WHAT TO WORK ON
Please give all of the data again, character for character, and drop the pictures.

GIVEN MATERIAL

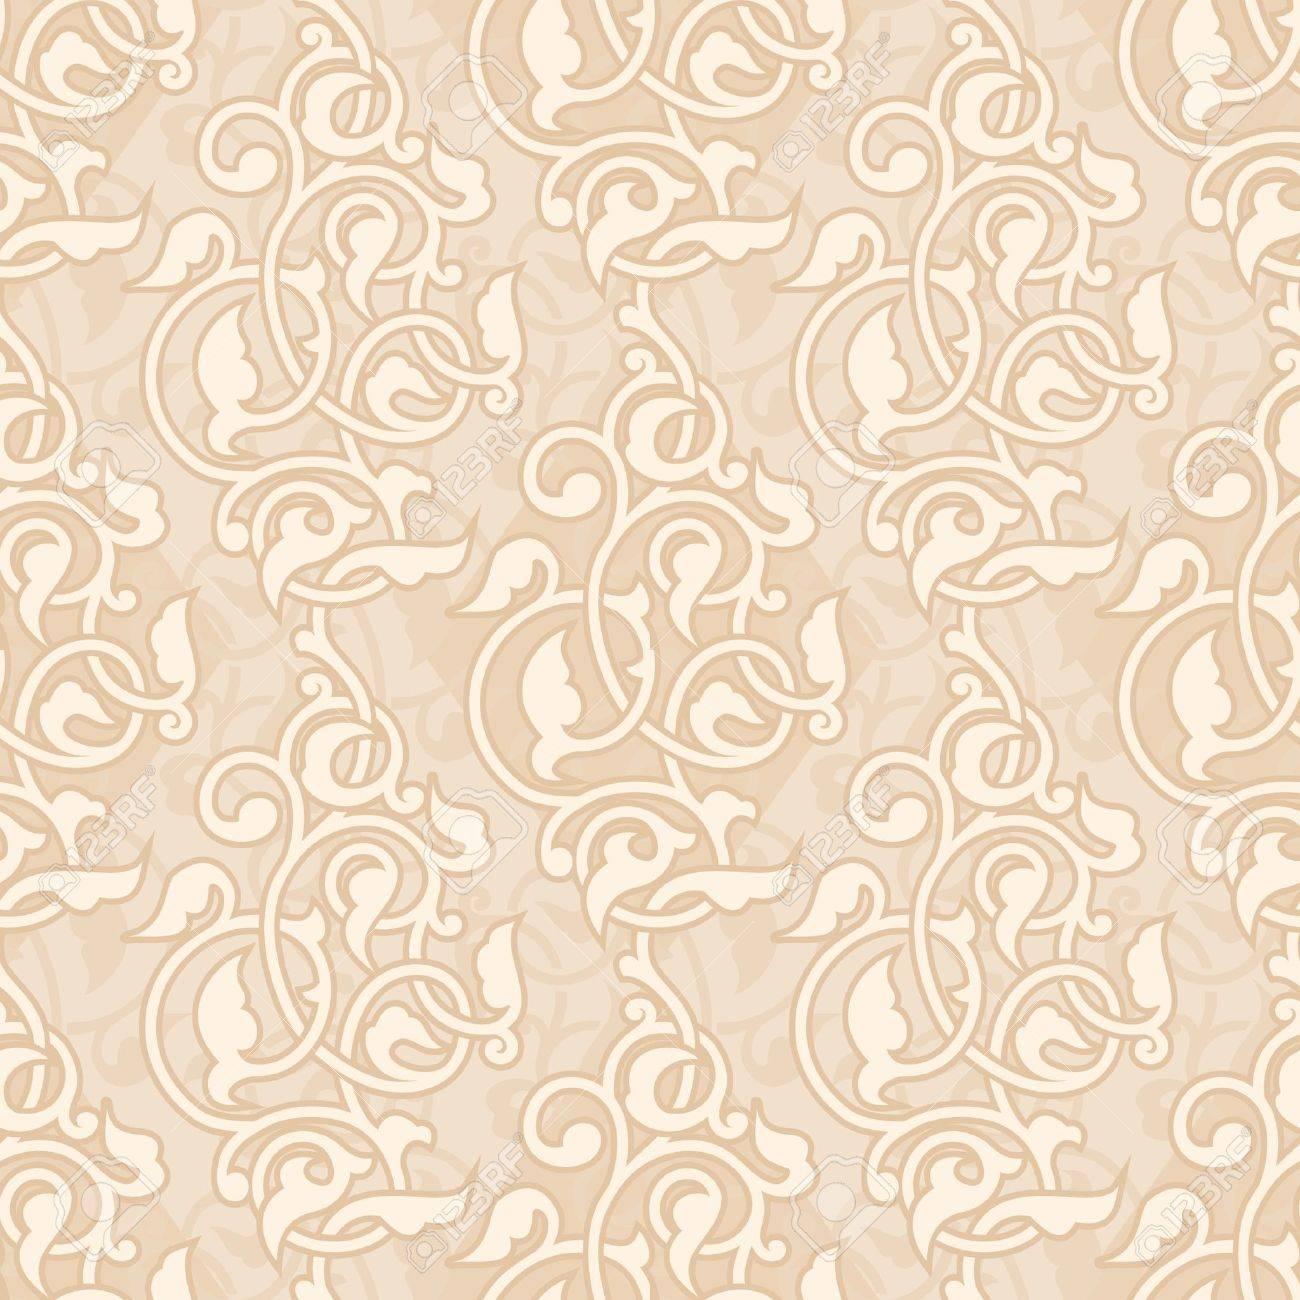 アジア装飾用のシームレスな壁紙のイラスト素材 ベクタ Image
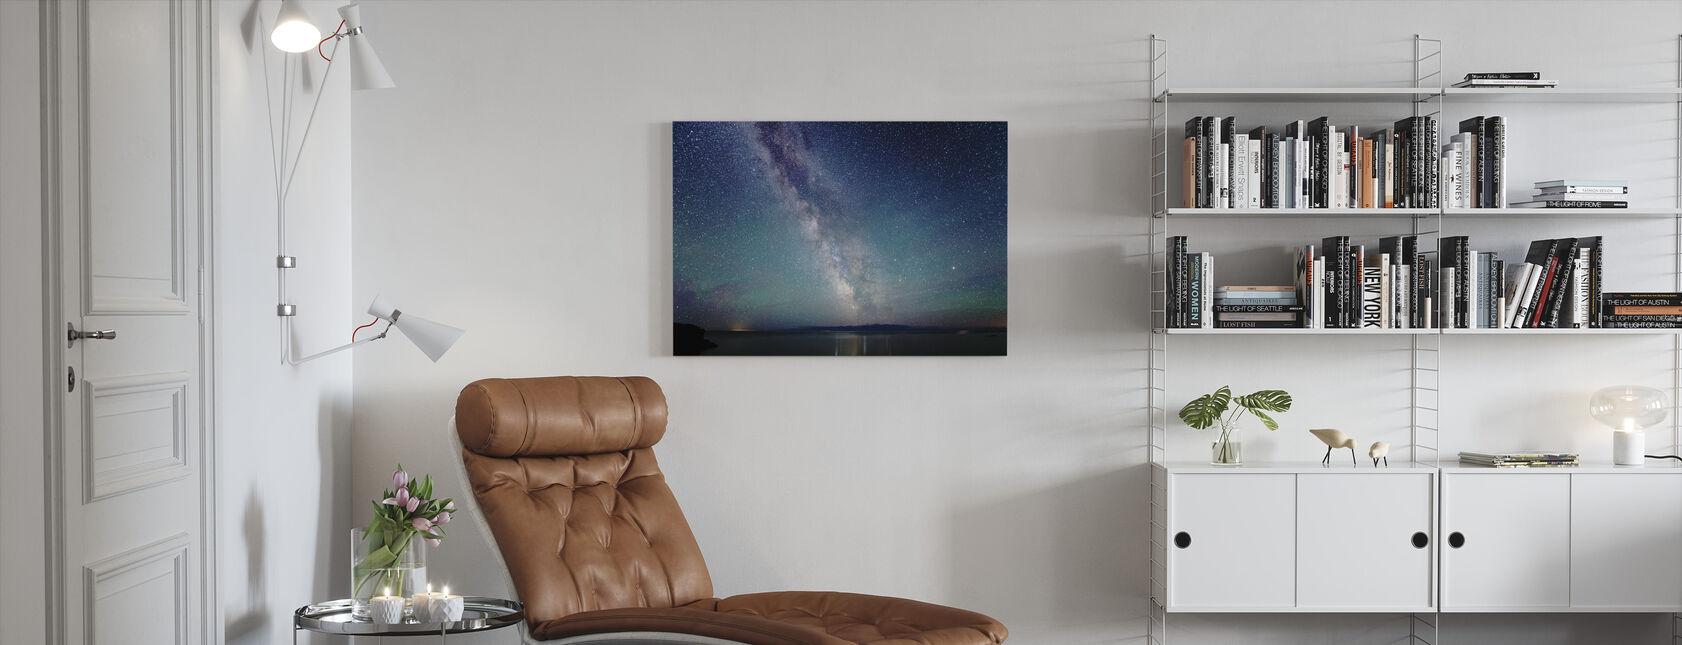 Milchstraße Nachthimmel - Leinwandbild - Wohnzimmer
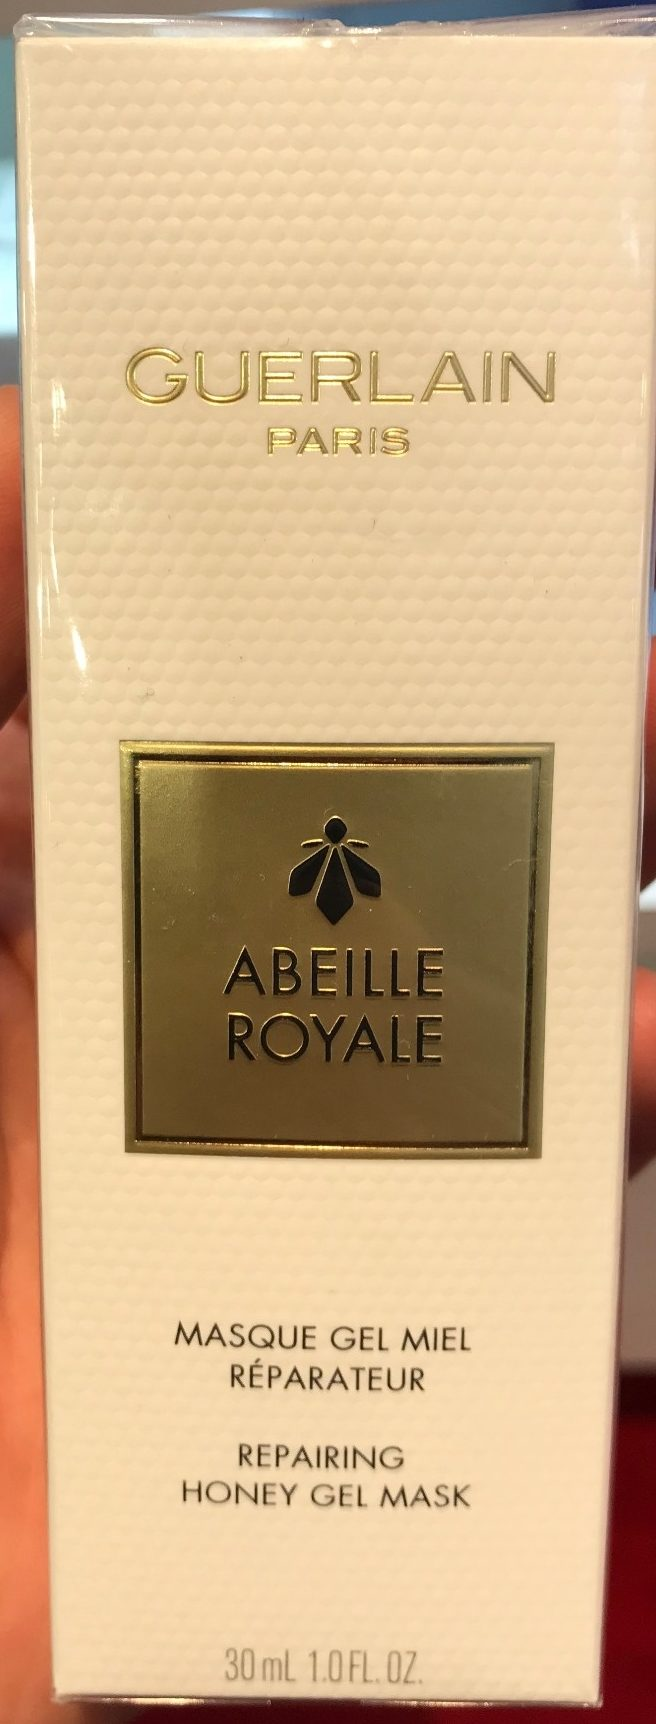 Abeille Royale - Masque Gel Miel Réparateur - Product
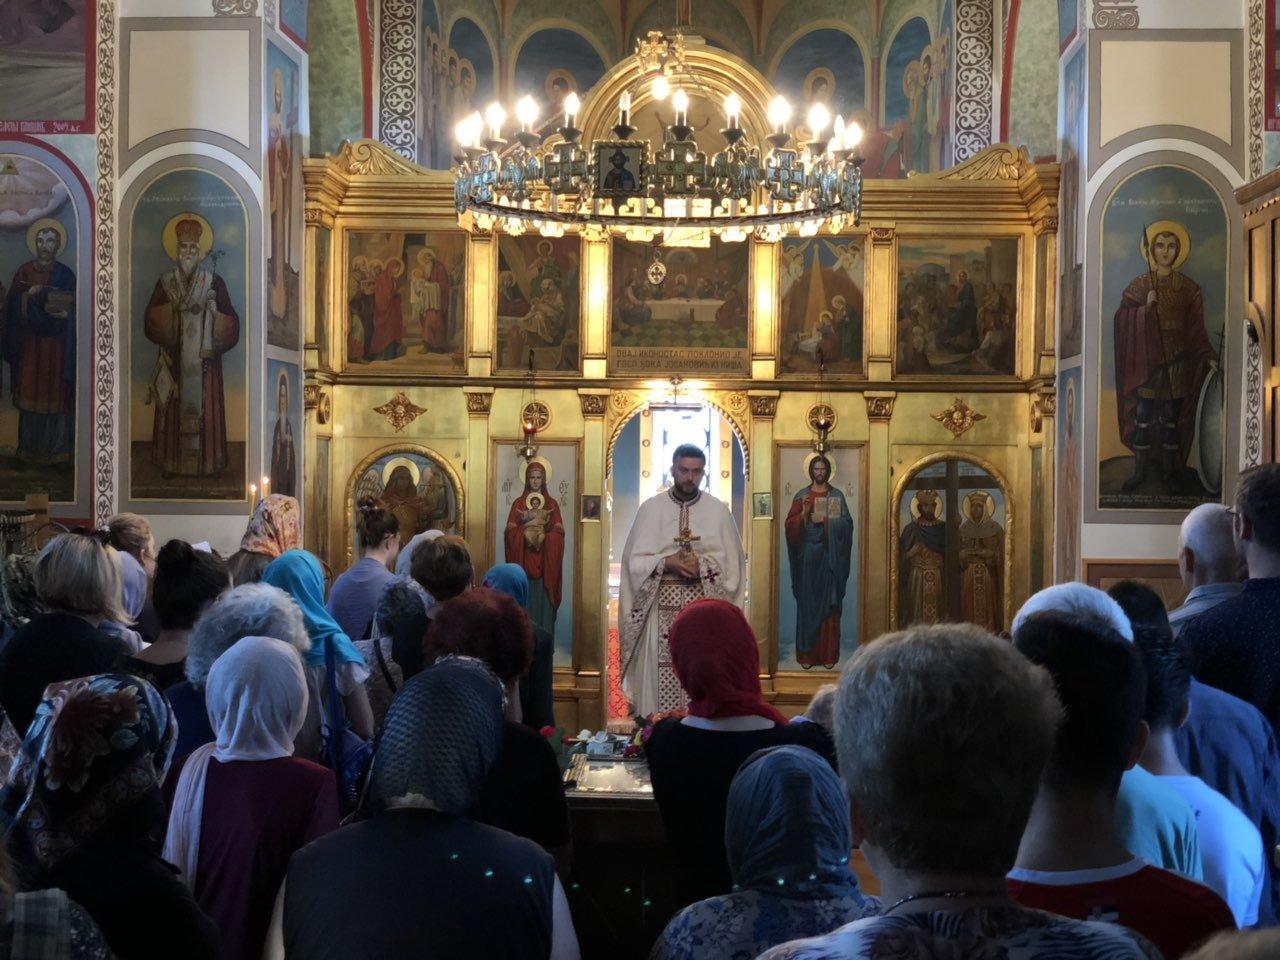 Crkva Svrljig, Velika Gospojina, foto: M.M.

ANSWER TO THE EXERCISE
 アジア装飾用のシームレスな壁紙のイラスト素材 ベクタ Image
 Milchstraße Nachthimmel - Leinwandbild - Wohnzimmer
 Abeille Royale - Masque Gel Miel Réparateur - Product
 Crkva Svrljig, Velika Gospojina, foto: M.M.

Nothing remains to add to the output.